Grandma doesn't know what a legitimate payment processor looks like, and neither do most people — the app store vetting system is literally the only thing standing between millions of users and complete scam chaos.
Should app stores be forced to allow third-party payment systems, even if it makes phones less secure?
Pro 5
Con 5
This is just big tech companies lobbying to collect your payment data without Apple or Google's oversight — don't dress up a corporate money grab as consumer freedom.
Look at the actual fraud data from platforms with looser payment ecosystems and tell me with a straight face that this is worth it. Security isn't a feature you toggle off without consequences.
The entire value proposition of a smartphone is that it's a secure device you can trust with your banking, your kids' info, your whole life — forcing open payment systems chips away at that foundation for what, slightly cheaper app subscriptions?

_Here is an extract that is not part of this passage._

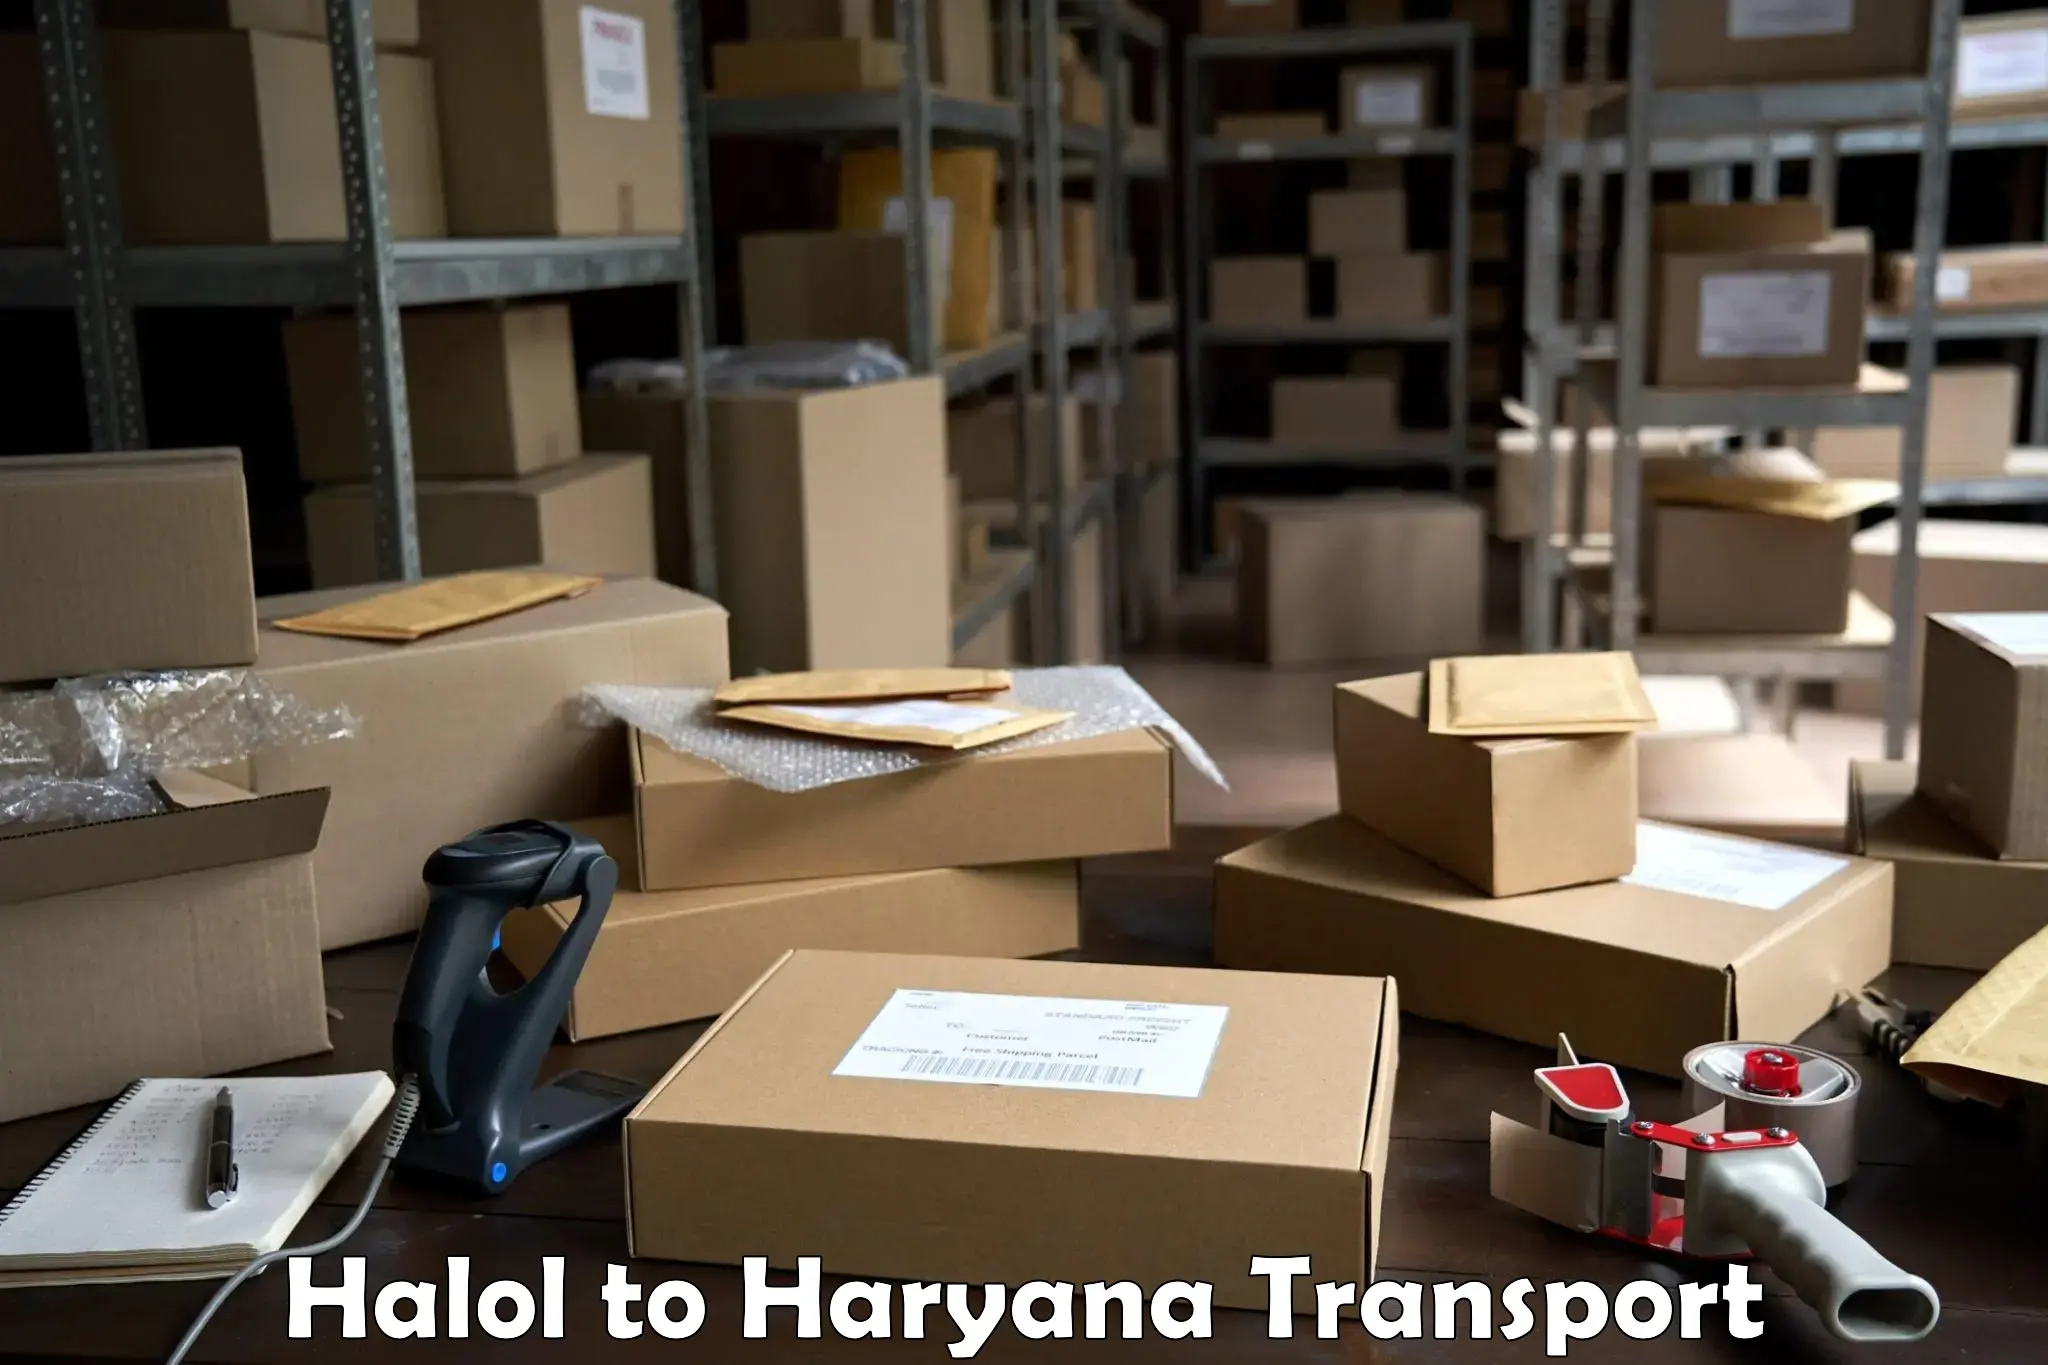 Furniture transport service Halol to Pehowa

My cousin got his credit card info stolen through a sketchy third-party payment link on an Android app and it was a nightmare to fix — no thanks, I'll keep my walled garden.
Competition in payments would push Apple and Google to actually innovate their own systems instead of just coasting on captive users. Security improves when you have to earn trust, not when it's mandated by the gatekeeper.

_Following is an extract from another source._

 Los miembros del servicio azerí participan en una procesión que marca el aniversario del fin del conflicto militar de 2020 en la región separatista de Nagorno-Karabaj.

My favorite app literally shut down because they couldn't survive the App Store fees — this isn't theoretical harm, real products and real jobs disappear because of this monopoly. A little more risk in the payment layer is worth it.

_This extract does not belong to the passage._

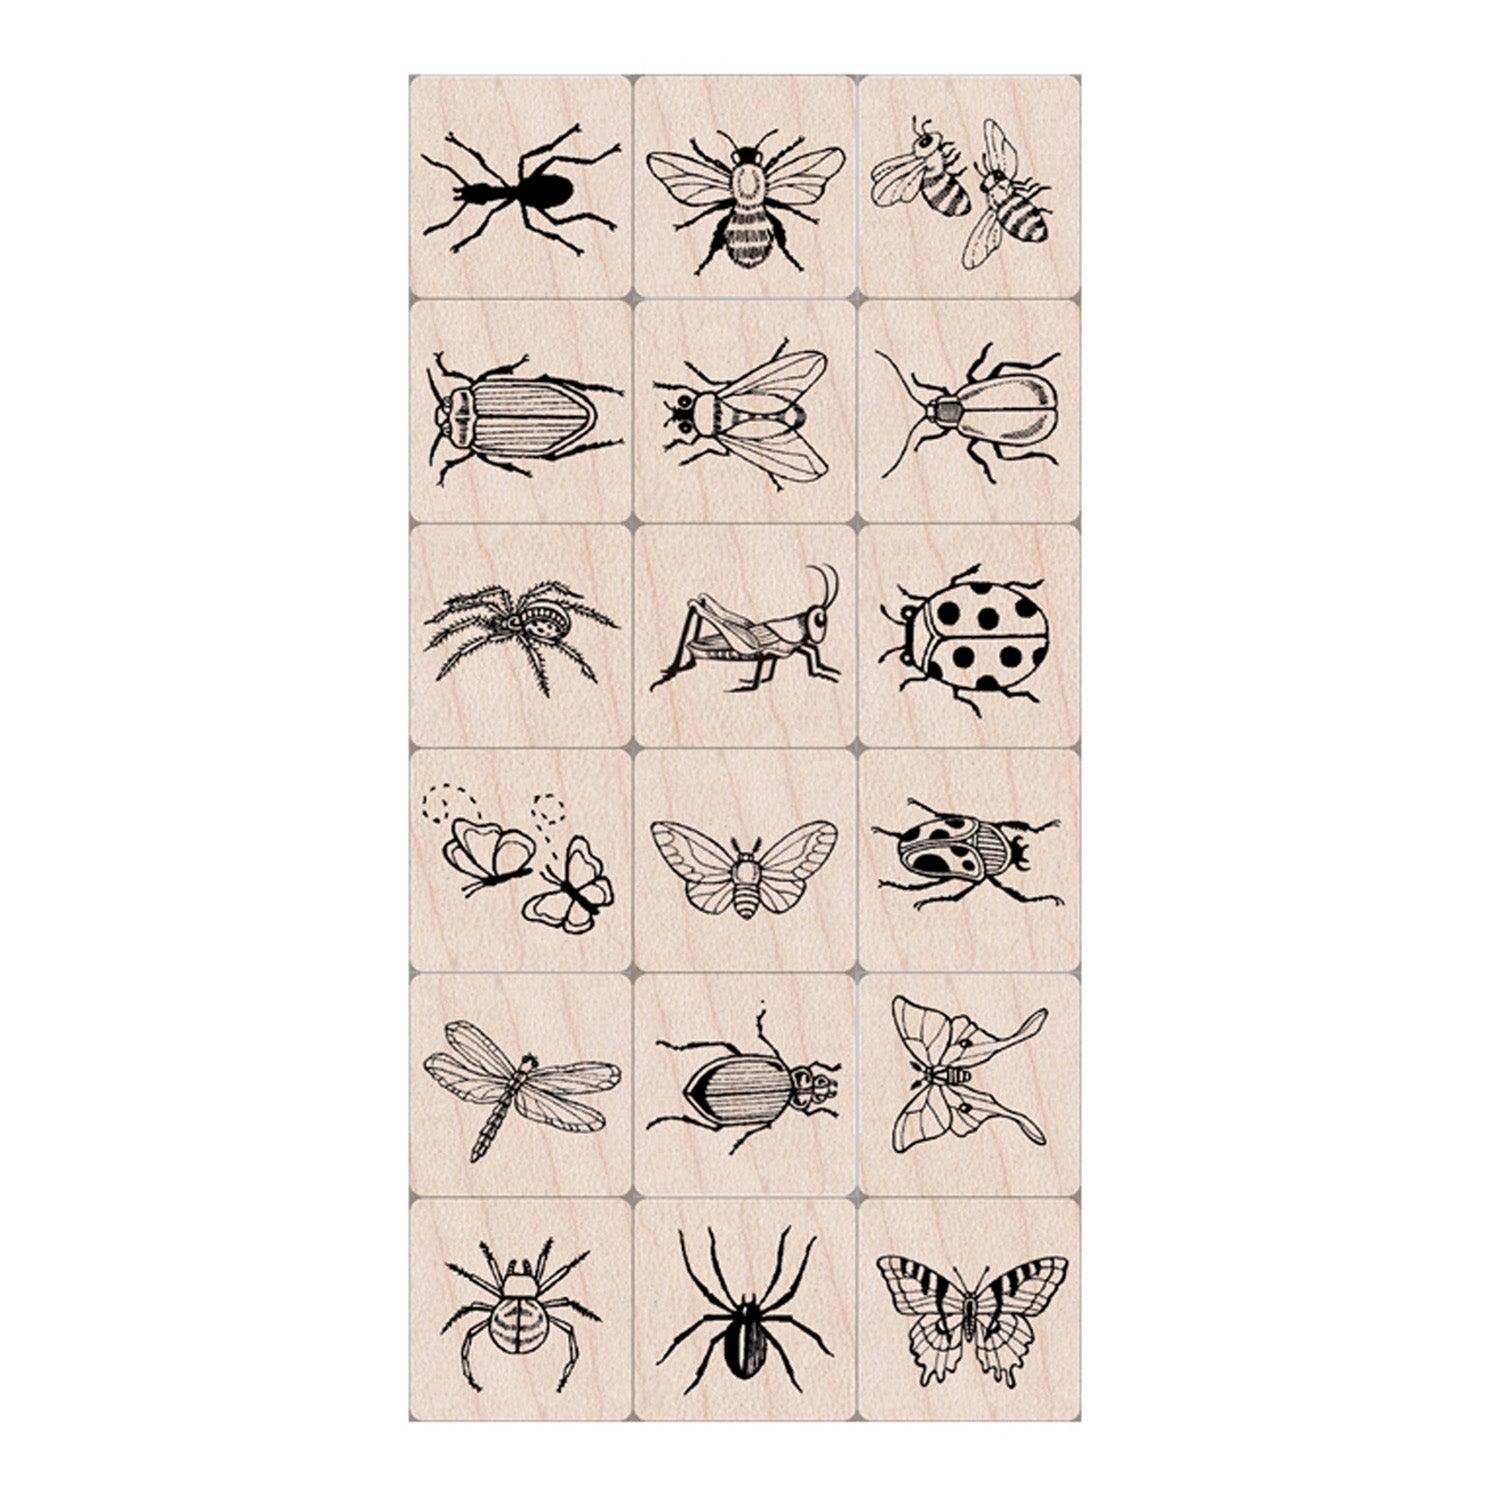 Ink 'n' Stamp Bugs Stamps, Set of 18 - Loomini

The 'security' argument is honestly just lobbying dressed up in technical language. Banks and browsers handle payments securely without Apple holding a gun to developers' heads.
I run a small indie app and that 30% cut literally ate my profit margin whole. Forcing third-party payments isn't about security, it's about whether a duopoly gets to tax every digital transaction on earth forever.
Apple and Google have been pocketing 30% of every transaction for years while hiding behind 'security' as an excuse — that's not protection, that's a toll booth. The EU already forced this open and the sky didn't fall.